13. The method of aspect 12, wherein the label propagation algorithm uses a loss function that applies consistency to labels of adjacent patterns and/or enforces that any changes in labels from the labeled subset of patterns should be minimized and/or kept small.
14. The method of aspect 13, wherein the loss function is based on local and global consistency.
15. The method of any of aspects 12-14, wherein the tag propagation algorithm includes at least one sparsity constraint.
16. The method of aspect 15, wherein the sparsity constraint is a sparse dictionary learning constraint or a low rank model constraint.
17. The method of any of aspects 11-16, wherein the semi-supervised learning algorithm generates graph-based pseudo labels based on the graph structure for training a neural network.
18. The method according to any one of aspects 1 to 11, wherein the step of classifying and/or labeling the unlabeled pattern comprises applying a neural network to classify the unlabeled pattern based on the labeled pattern subset, wherein the graph structure is used as regularization.
19. The method of aspect 18, wherein the graph embedding is written as a loss function of a hidden layer considered as a neural network.
20. The method of any preceding aspect, wherein the defining a graph structure comprises determining a degree of similarity of the patterns between each pair of patterns in the plurality of patterns according to a similarity metric.
21. The method of aspect 20, wherein determining the degree of pattern similarity comprises using one or more of a dynamic time warping algorithm, a time warping edit distance algorithm, a correlation algorithm, a cross correlation algorithm, a euclidean distance algorithm, a cosine algorithm, an edit distance algorithm, or a frequency-based similarity metric algorithm.
22. The method of any preceding aspect, comprising:
Determining a utility score for each pattern indicative of an amount of information of the pattern;
Selecting one or more of the machines having corresponding utility scores indicating the most informative patterns, labeling the selected machines, and
The annotation is used in determining the subset of marked patterns.

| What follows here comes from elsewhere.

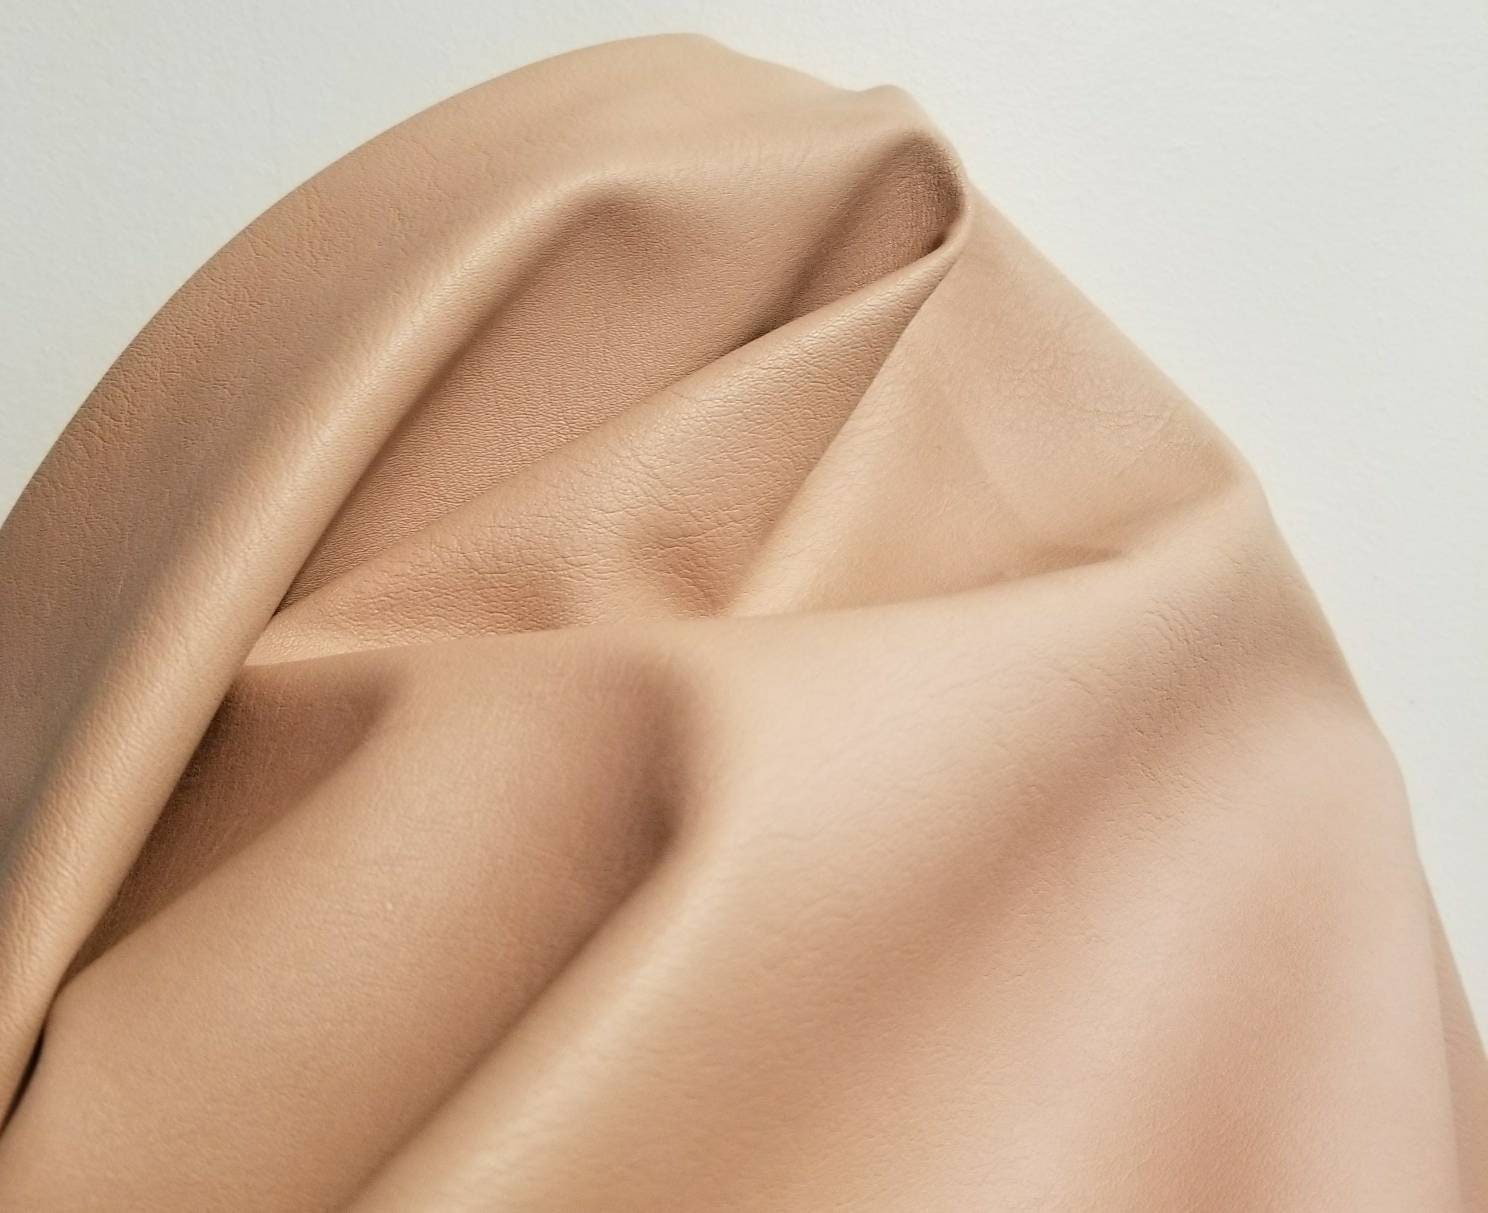 NAT Leathers | British Tan Two Tone Soft Faux Vegan Leather PU (Peta  Approved Vegan) | 1 Yard (36 inch x 54 inch Wide) Cut by Yard | Synthetic

23. A method according to any preceding aspect, comprising determining a new rule for marking or describing one or more of the patterns from the determination of decision boundaries obtained in the classifying step.
24. The method of any preceding aspect, comprising generating a labeled reference dataset, and using a machine learning model to classify individual data points of the time series data based on the labeled reference dataset.

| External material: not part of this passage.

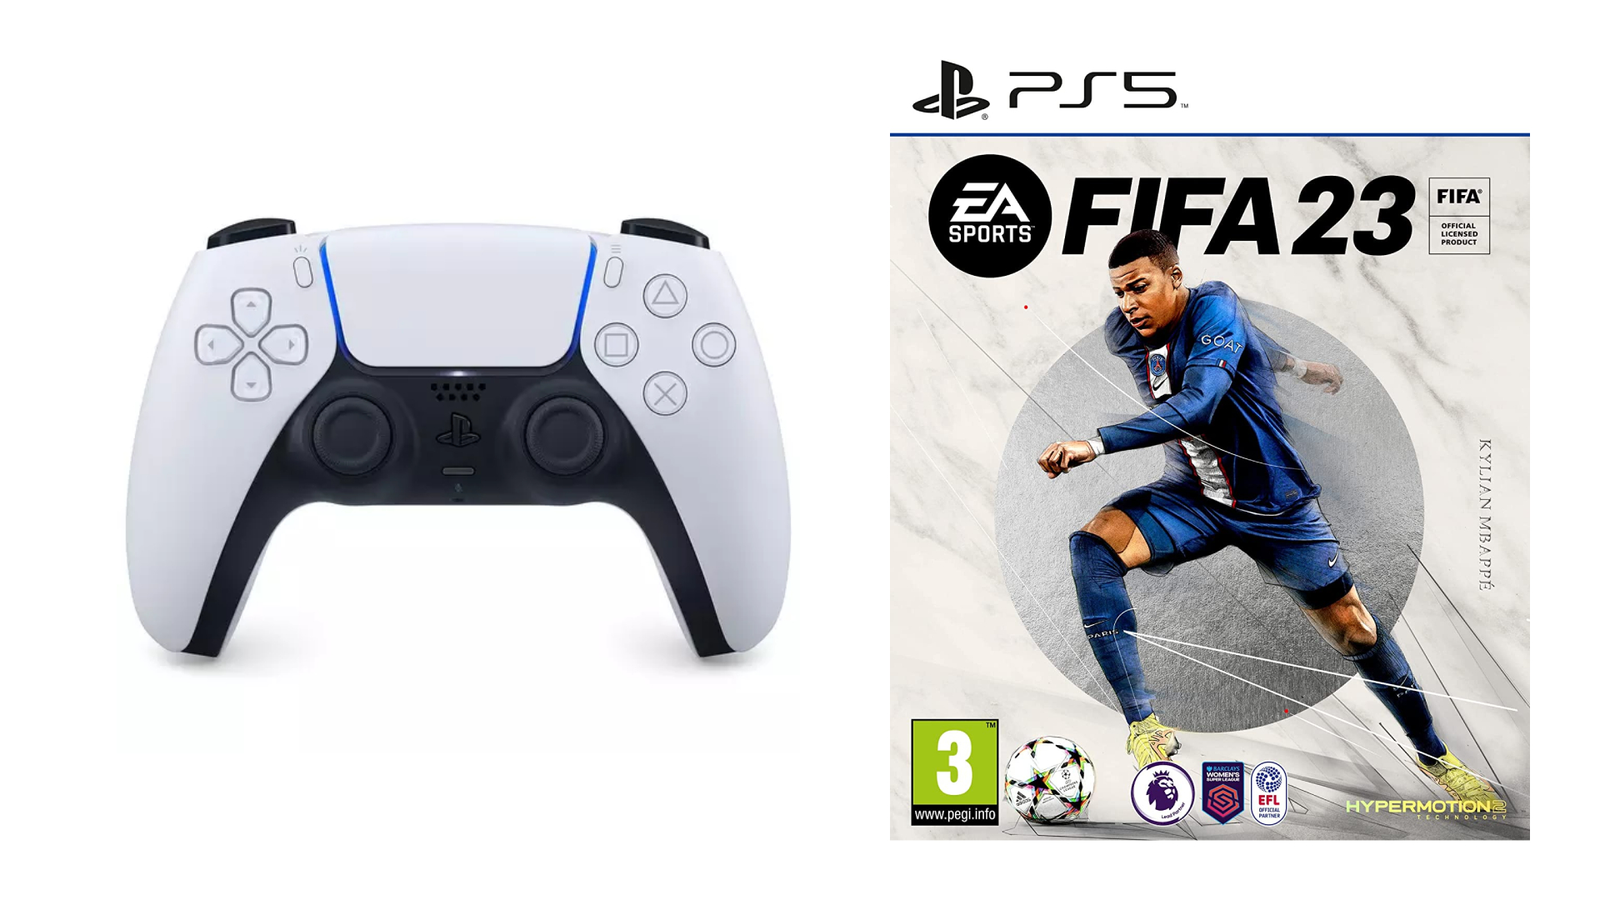 FIFA 23 hits game pass ultimate soon, I needed a new controller

25. A method according to any preceding aspect, comprising using the marked pattern to determine a device status of the one or more machines.
26. The method of aspect 25, wherein the device status describes a health status of at least one component of the one or more machines.

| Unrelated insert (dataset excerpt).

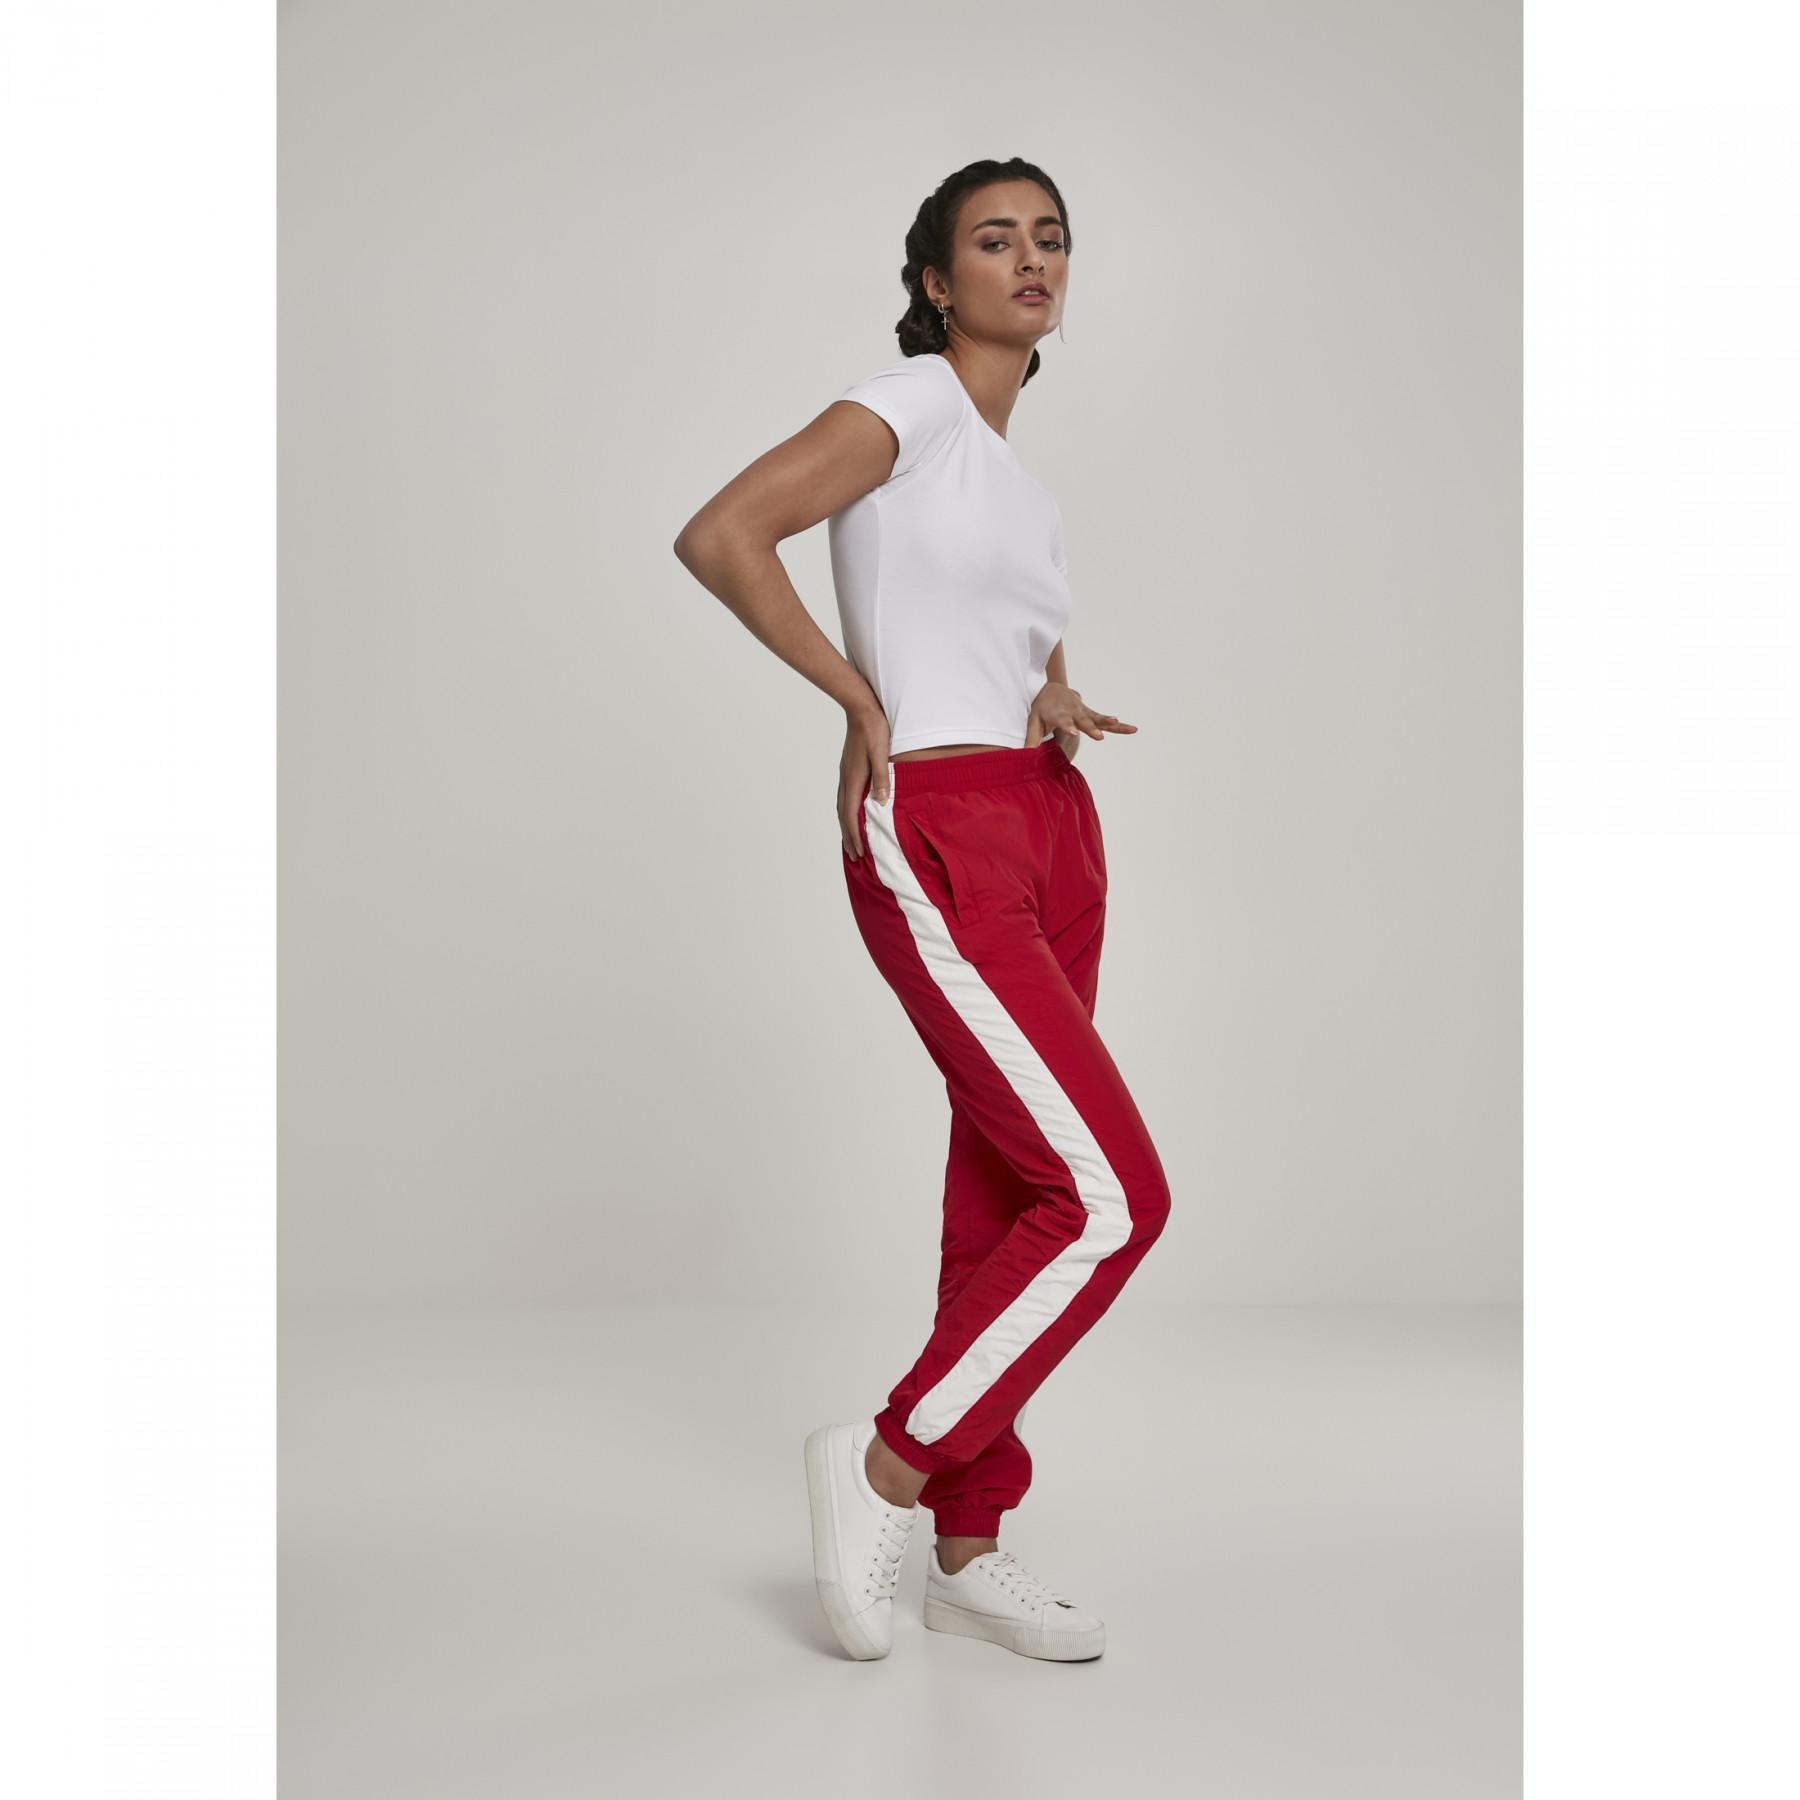 Pant woman Urban Classic striped crinkle GT

27. The method of aspects 25 or 26, comprising scheduling the one or more machines and/or performing maintenance actions according to the equipment status.
28. A method according to any preceding aspect, comprising using the marked pattern to determine a new rule and/or threshold of rules for marking time series data in the marking step.
29. A method according to any preceding aspect, comprising generating labeled training data for a machine learning model using the labeled pattern.
30. The method of any preceding aspect, wherein the one or more machines comprise one or more machines used in the manufacture of integrated circuits.
31. The method of any preceding claim, wherein the one or more machines comprise one or more lithographic exposure apparatus.
32. A computer program comprising program instructions operable to perform a method according to any one of the preceding aspects when run on a suitable device.
33. A non-transitory computer program carrier comprising a computer program according to aspect 32.
34. A processing apparatus, comprising:
The non-transitory computer program carrier of aspect 33, and
A processor operable to run a computer program included on the non-transitory computer program carrier.
35. A lithographic system comprising a processing apparatus according to aspect 34.